More than 300 Kenyan companies have been forced to stop selling their goods to the East African Community (EAC) market. According to manufactures goods from outside the trading bloc, especially from China, are exempted from such charges, thus edging out local firms from the market.
Companies signed up on the scheme attract full duties, levies and other charges provided in the Common External Tariff (CET) for goods sold in the customs territory, according to Article 25 of the EAC Customs Union Protocol.
Goods benefiting from duty-free status under the customs union are charged CET of 10 percent on raw material and 25 percent on finished products due to which locally produced goods are now facing stiff competition with companies under the duty remission scheme declining from 500 to 200 this year, said Kenya Association of Manufacturers chief executive Phyllis Wakiaga.
Wakiaga speaking at the quarterly meeting with the Ministry of Industrialisation in Nairobi yesterday said there is need to re-look at the article to ensure non-tariff barriers are minimised.

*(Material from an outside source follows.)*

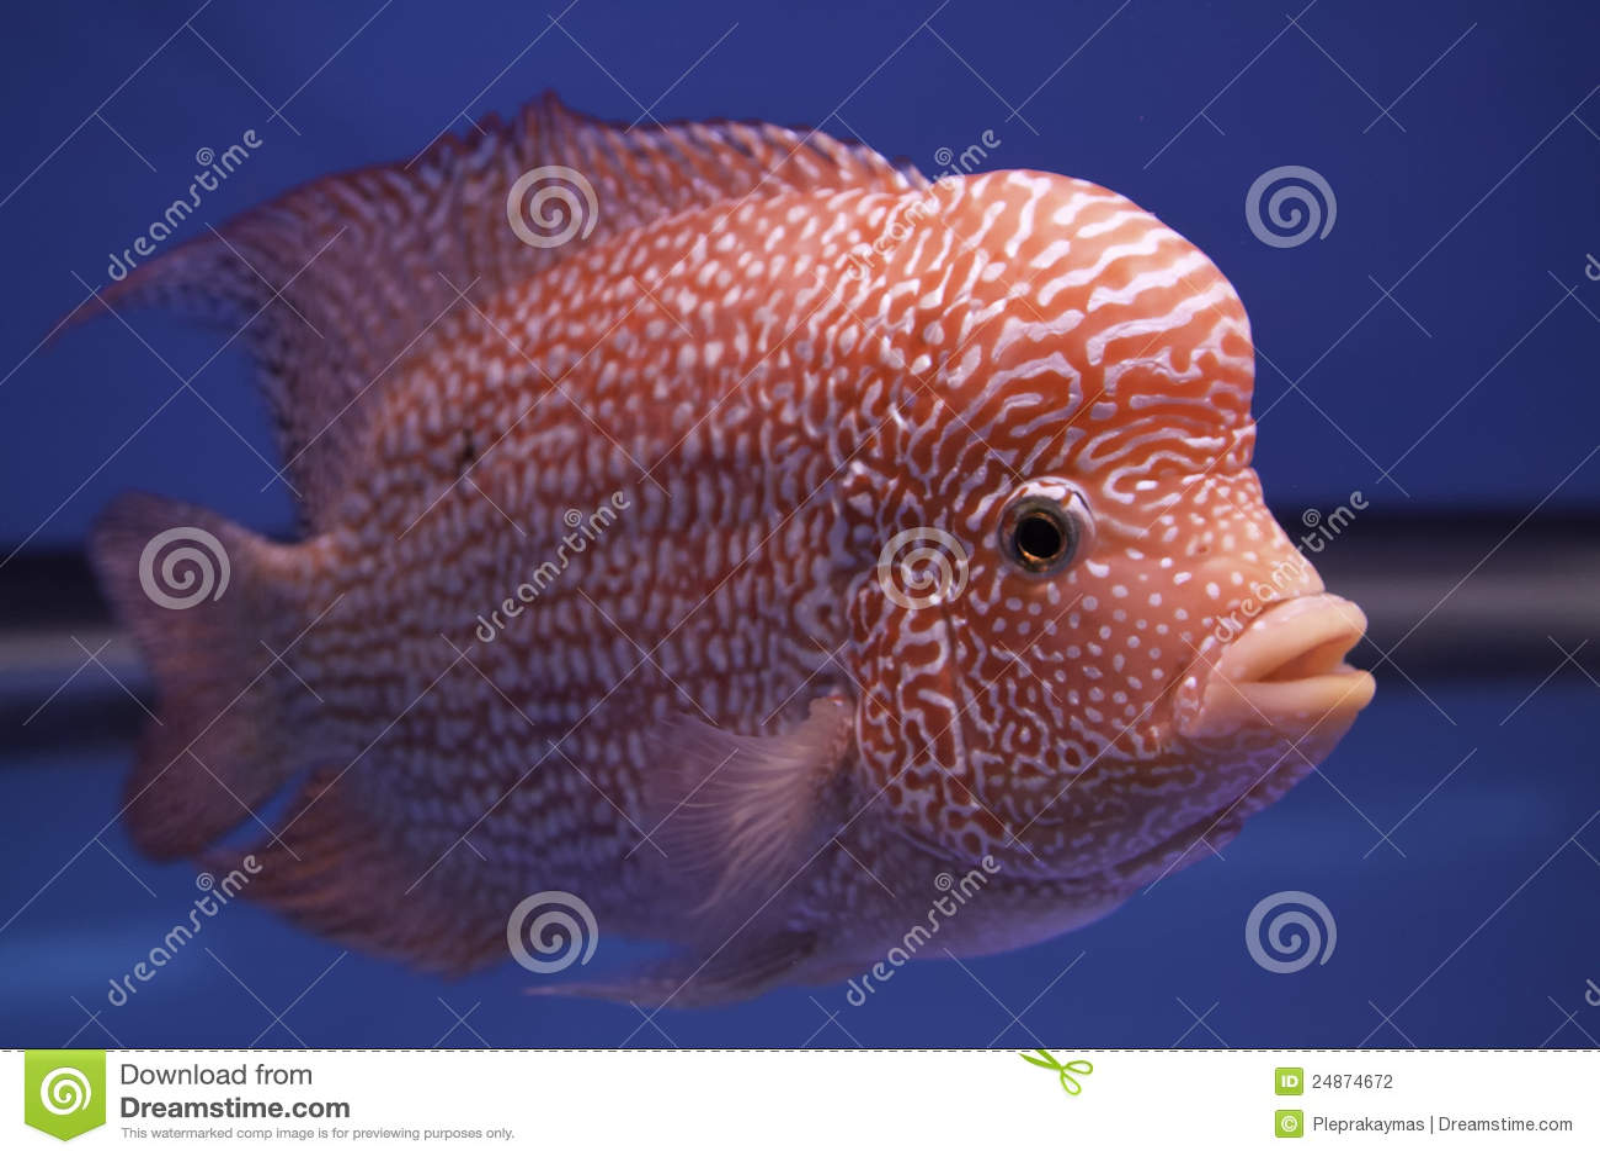 Aquarium Fish Flower Horn Fish Stock graphy Image

The charges are hampering trade within the region.
Kenya’s manufacturing sector contributes 10 percent to the economy. Sale of goods in the customs territory is also capped at 20 percent of a company’s annual production. Industrialisation Cabinet secretary Adan Mohamed, said that such restrictions have constrained firms especially in the textile industry from expanding business.
Kenya is banking on 26 new markets expected to be opened up following a tripartite agreement signed by the EAC, Common Market for Eastern and Southern Africa and Southern Africa Development Community.